Письмо княгини дошло по назначению, император прочел его; это письмо меня и задержало; но я не жалею о том, что отложил отъезд, я никогда не читал ничего более простого и трогательного; такие поступки говорят сами за себя; героизм княгини дает ей право не тратить много слов и быть краткой, даже тогда, когда речь идет о жизни ее детей… Свое положение она обрисовывает в нескольких строках, без громких фраз и слезных жалоб. Она выше словесных ухищрений, за нее говорят события; в заключение она молит о единственной милости: о позволении жить там, где есть хоть какая-то медицинская помощь, чтобы облегчить страдания детей, когда они болеют… Окрестности Тобольска, Иркутска или Оренбурга показались бы ей раем. В конце письма она уже не обращается к государю, она забывает обо всем, кроме своего мужа, она с нежностью и достоинством, которые одни могут искупить самое ужасное злодеяние, – но ведь она ни в чем не виновата, а государь, к которому она обращается, всемогущ и один Бог ему судья!.. – так вот, в заключение она с нежностью и достоинством высказывает свою заветную мысль: я очень несчастна, говорит она, и все же, если бы мне суждено было начать все сначала, я поступила бы так же.

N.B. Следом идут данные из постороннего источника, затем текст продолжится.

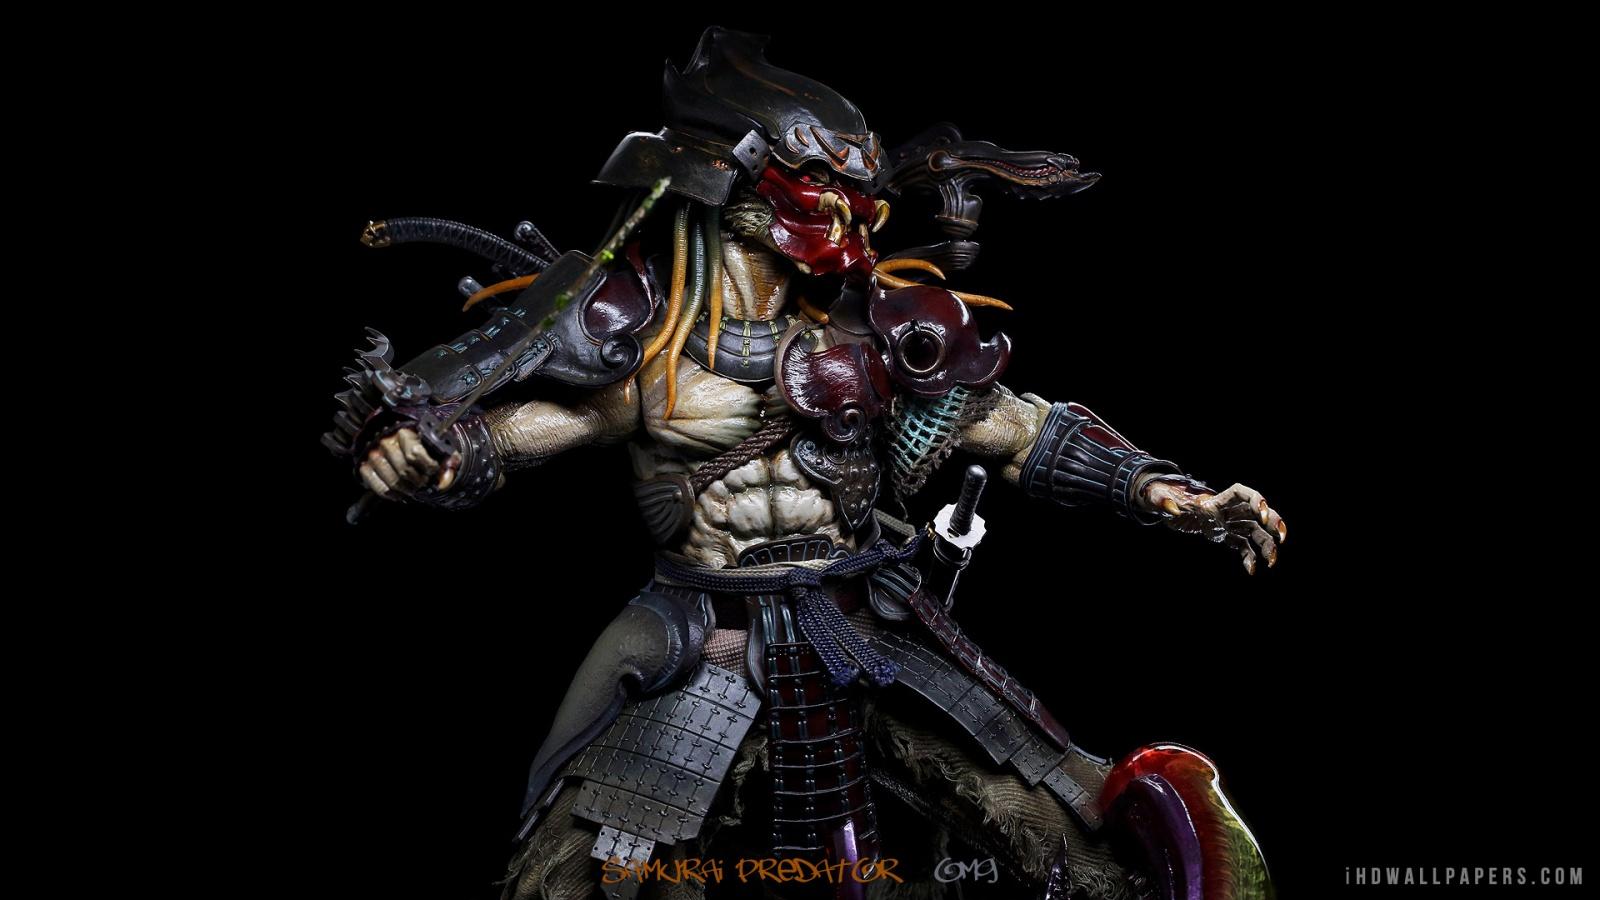 Samurai Predator HD Wallpaper   iHD Wallpapers 1600x900

Среди родных этой женщины нашелся человек, у которого достало смелости (тот, кто знает Россию, не может не оценить это проявление христианского милосердия) передать это письмо государю и даже смиренно молить об удовлетворении просьбы опальной родственницы. В присутствии российского императора о ней говорят с ужасом, как о преступнице, меж тем как в любой другой стране гордились бы родством с этой благородной жертвой супружеского долга. Что я говорю? Это гораздо больше, чем долг жены, это энтузиазм ангела.

Но героизм не в счет, и приходится с трепетом просить о снисхождении к добродетели, которой открыты небесные врата; в то время как все мужья, все сыновья, все жены, весь род человеческий должен был бы воздвигнуть памятник этой идеальной супруге, пасть к ее ногам и петь ей хвалы, причислить ее к лику святых, при императоре боятся произносить ее имя!.. Зачем же существует государь, если не для того, чтобы вознаграждать за добрые дела? Что до меня, то когда бы она вернулась в свет, я поспешил бы ее увидеть, и если бы не мог подойти и поговорить с ней, то удовольствовался бы тем, что пожалел бы ее, позавидовал ей и пошел за ней, как идут под священным знаменем.

Но нет, в течение четырнадцати лет подвергая несчастную жертву, гонениям, он так и не утолил свою жажду мести… Ах, дайте мне излить мое негодование: стесняться в выражениях, рассказывая о подобных событиях, значило бы предавать святое дело! Пусть русские не согласятся со мной, если посмеют: я предпочитаю, чтобы меня обвиняли в непочтении к деспотизму, чем в неуважении к чужому горю. Подданные императора раздавят меня, если смогут, зато Европа узнает, что человек, которого шестьдесят миллионов подданных без устали уверяют в его всемогуществе, унижается до мести!.. Да, такая расправа называется не иначе как местью! Итак, через четырнадцать лет у Николая I не нашлось для этой женщины, стойко перенесшей столько невзгод, других слов, кроме тех, которые вы сейчас прочтете и которые я услышал от особы, знающей их из первых рук: «Удивляюсь, что меня снова беспокоят … (второй раз за пятнадцать лет!) из-за семьи, глава которой участвовал в заговоре против меня». Вы можете не верить, что государь ответил именно так, я хотел бы и сам усомниться в этом, но у меня есть доказательства, свидетельствующие: это правда. Особа, которая пересказала мне его ответ, заслуживает полного доверия; вдобавок события говорят сами за себя: письмо нимало не изменило участи ссыльных.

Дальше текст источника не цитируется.